Чтобы перелететь океан, нужно создать самолёты, построить аэродромы и выучить персонал. Без этого никак, жужжи не жужжи. Причём провал в любом звене сводит на нет достижения в любом звене.
Вот хоть медицинская аппаратура. За последнее десятилетие её приобретено намного больше, чем за десятилетия предыдущие. Ставят в больницах и поликлиниках томографы, проточные цитометры, много чего ставят. А счастья опять нет. Может быть, и потому, что зачастую исследования на этих аппаратах платные.
Мнится, что возникновение в учреждениях казённого здравоохранения отделений платных услуг есть мина замедленного действия. Конечно, она, мина, может со временем саморазрядиться, но может и рвануть. Я не против платной медицины, наоборот, сторонник, но по отдельности: бюджетное здравоохранение живёт за счёт бюджета, частный врач живёт за счёт частного пациента. Когда же всё в одном флаконе, под одной крышей (включая и современное значение слова «крыша»), то рано или поздно возникает конфликт интересов. Интересов больного человека и интересов кошелька.
Это я из политкорректности говорю – рано или поздно. Обыкновенно конфликт интересов возникает моментально. И вот сидит человек и думает, потратить ли ему две, три, десять тысяч далеко не лишних рублей на всякие обследования по поводу головной боли или, как советуют друзья, выпить пару таблеток аспирина и растереть пятки скипидаром.
Не выработалась пока в народе привычка тратить на личное здоровье значимые суммы, особенно если этих сумм нет. А если и сыщутся деньги, что дальше? Найдут какую-нибудь опухоль, потребуется операция, которая стоит совсем уж немыслимых средств, а он, к примеру, пенсионер, или того хуже – бюджетник (у пенсионера всё-таки иждивенцев в принципе должно быть меньше). И он выбирает среднее – идёт к гомеопату, который за тысячу пятьсот сорок рублей, учитывая скидку предъявителю купона, проведёт полную диагностику всего организма с помощью аппарата Бэккенбауэра-Фолиуса-Шульца, а потом ещё за четыреста шестьдесят тех же рубликов даст крупинок на неделю лечения.
Что делать?
Не раз и не два ответственные товарищи высказывались, что повышение заплаты медицинским работникам ничего не изменит. Так ли оно, нет – неизвестно, за сто лет никто не пробовал ни в Советском Союзе, ни в нынешней России без царя. И пробовать не собирается. (В скобках для тех, кому царское время представляется сплошными ананасами в шампанском: Антону Павловичу Чехову, возвратившемуся по случаю эпидемии холеры к врачебной деятельности, было положено жалование чуть более сорока рублей в месяц.
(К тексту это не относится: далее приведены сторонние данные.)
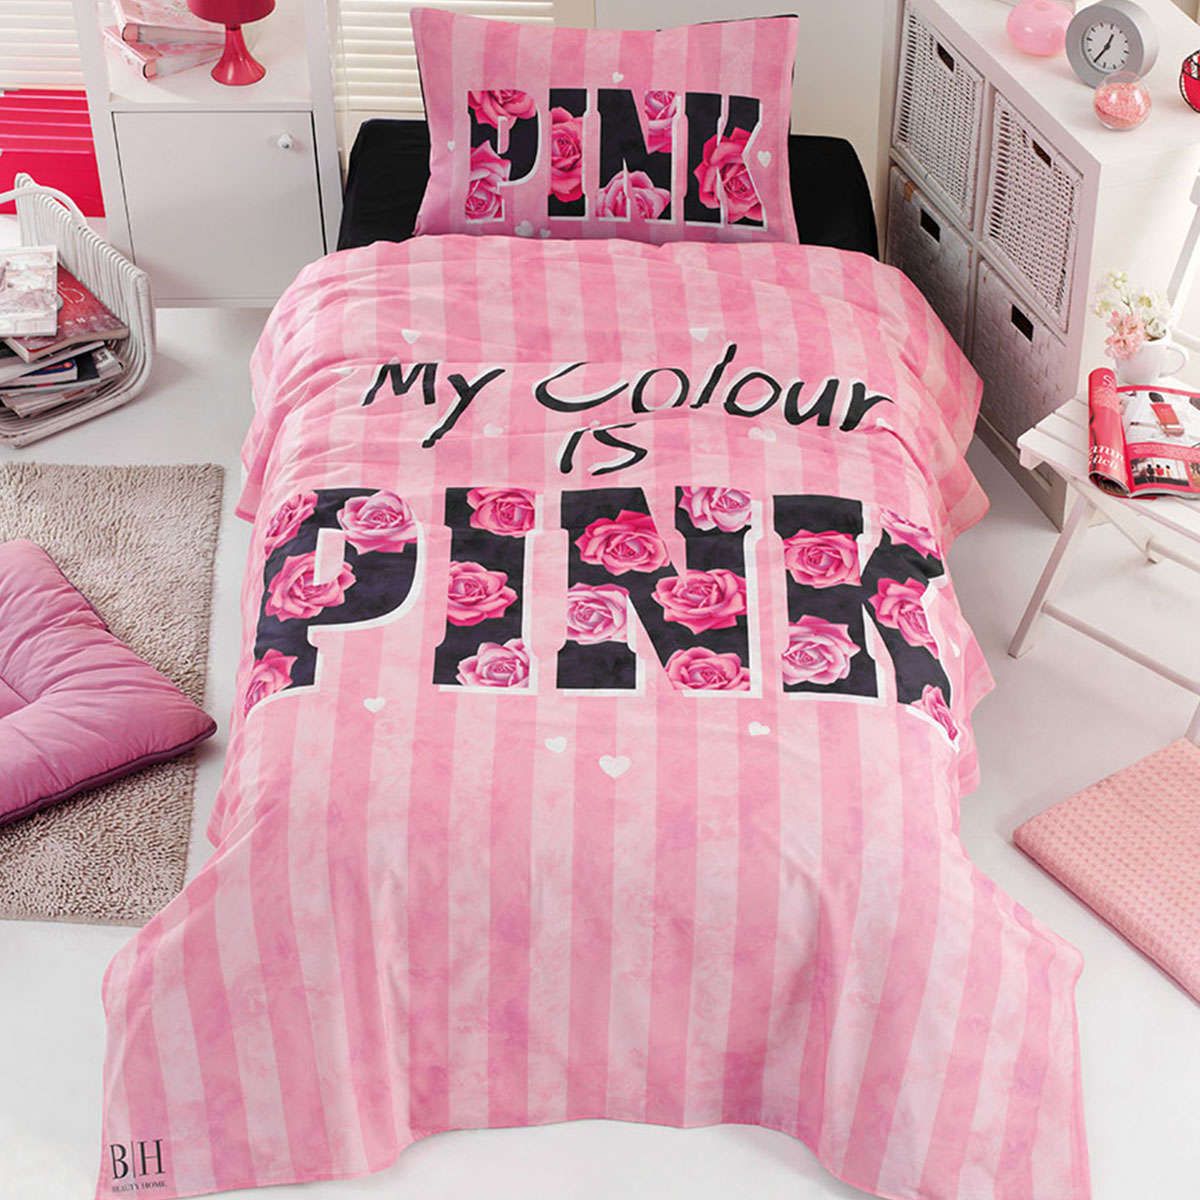 Παιδικό πάπλωμα μονό σετ Pink Art 6113 pink beauty home
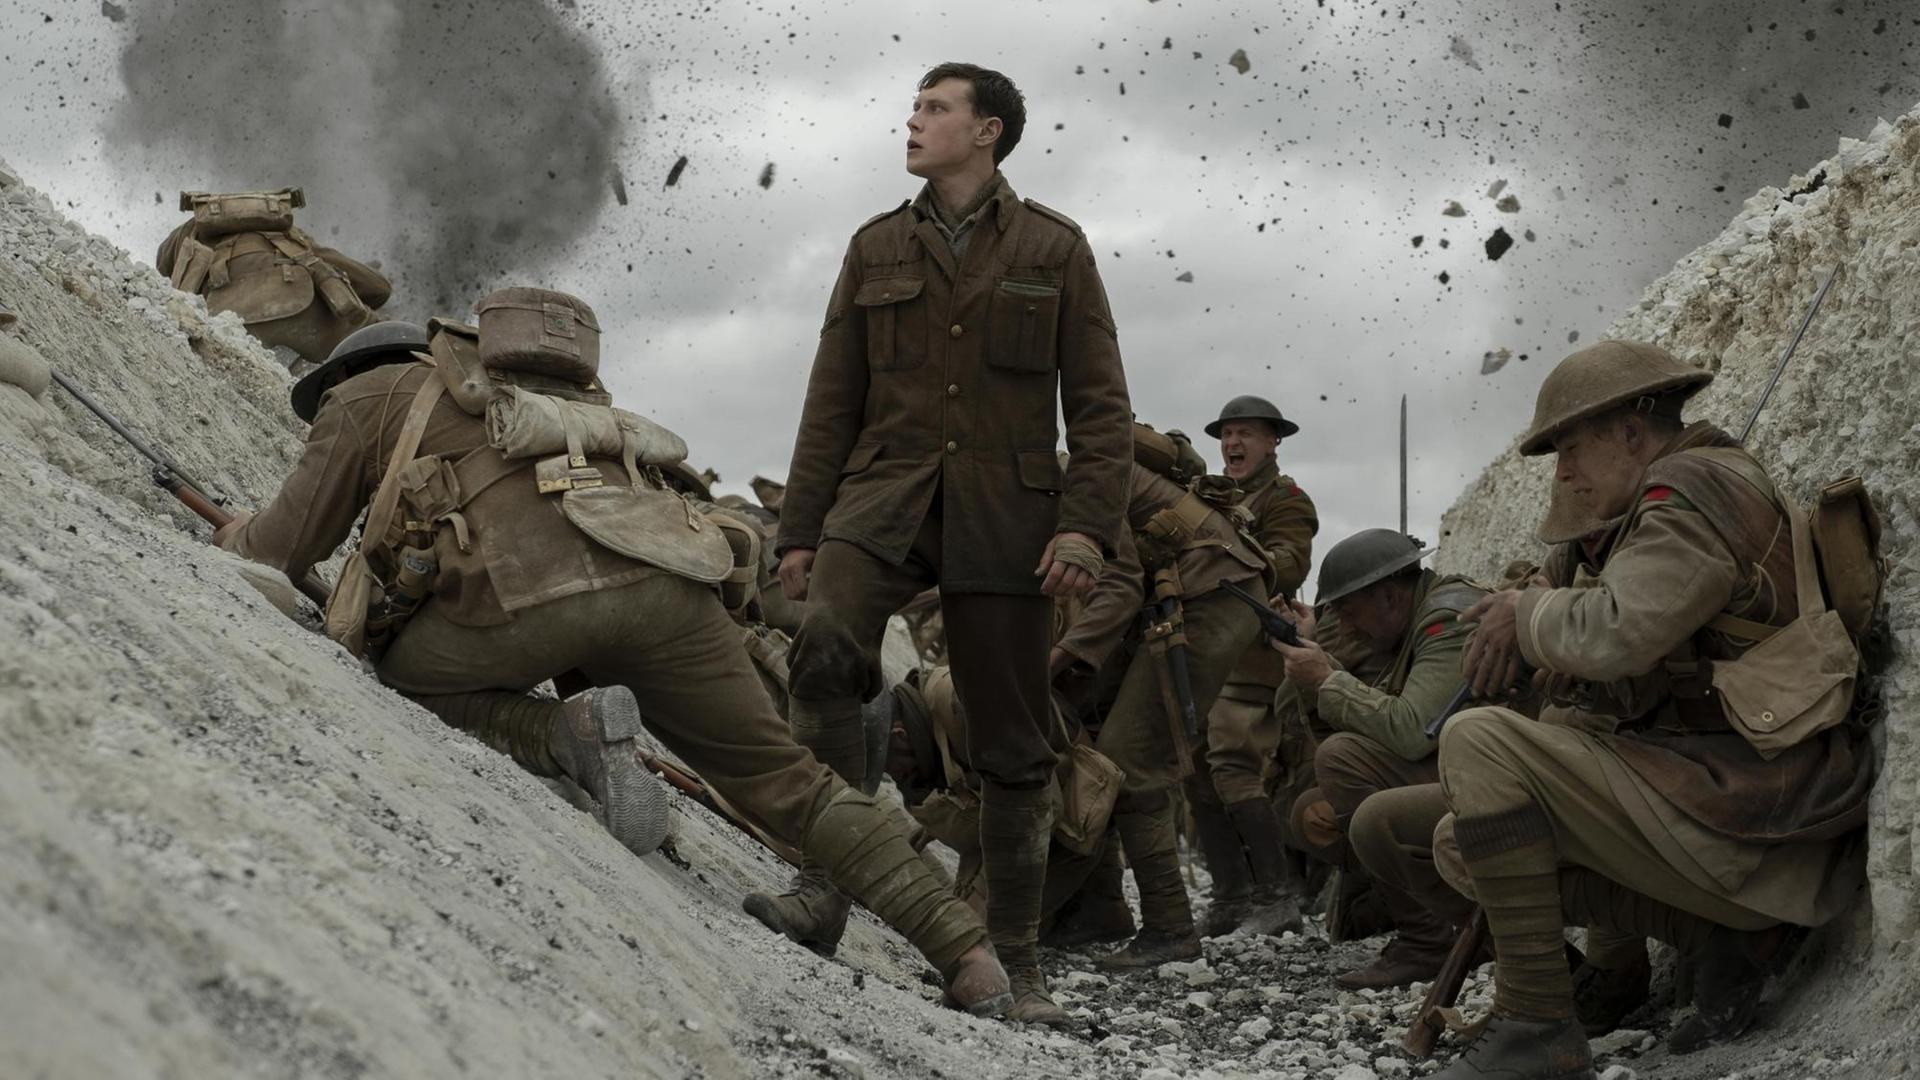 Filmszene aus "1917" von Sam Mendes: George MacKay als Soldat Schofield im Schützengraben, umgeben von anderen Soldaten.

Чехов получать такие деньги отказался и работал даром.)
Двадцать лет спустя, перед Мировой войной, земскому врачу платили тысячу двести в год (с квартирными, разъездными и надбавками за стаж выходило немного больше). Что от повышения зарплаты на шесть процентов толку не будет, точно. И даже шестьдесят процентов не спасут гиганта мысли. Минимум шестьсот – и это совершенно серьёзно. Деньги сами по себе, одним фактом наличия умными человека не сделают. Но они сделают человека сытым. А сытый врач и голодный врач – это доктор Джекил и мистер Хайд.
Однако соглашусь: улучшив положение врача, умеренное жалование (а шестисотпроцентное повышение приведёт лишь к весьма умеренному по европейским меркам жалованию, ставка вместо шести тысяч рублей дойдёт до тридцати шести, то есть менее тысячи евро) на состоянии больного скажется лишь опосредованно: врач будет менее утомлён, лучше одет, станет вытирать руки дезинфицирующей салфеткой и надевать поверх приличных туфель бахилки.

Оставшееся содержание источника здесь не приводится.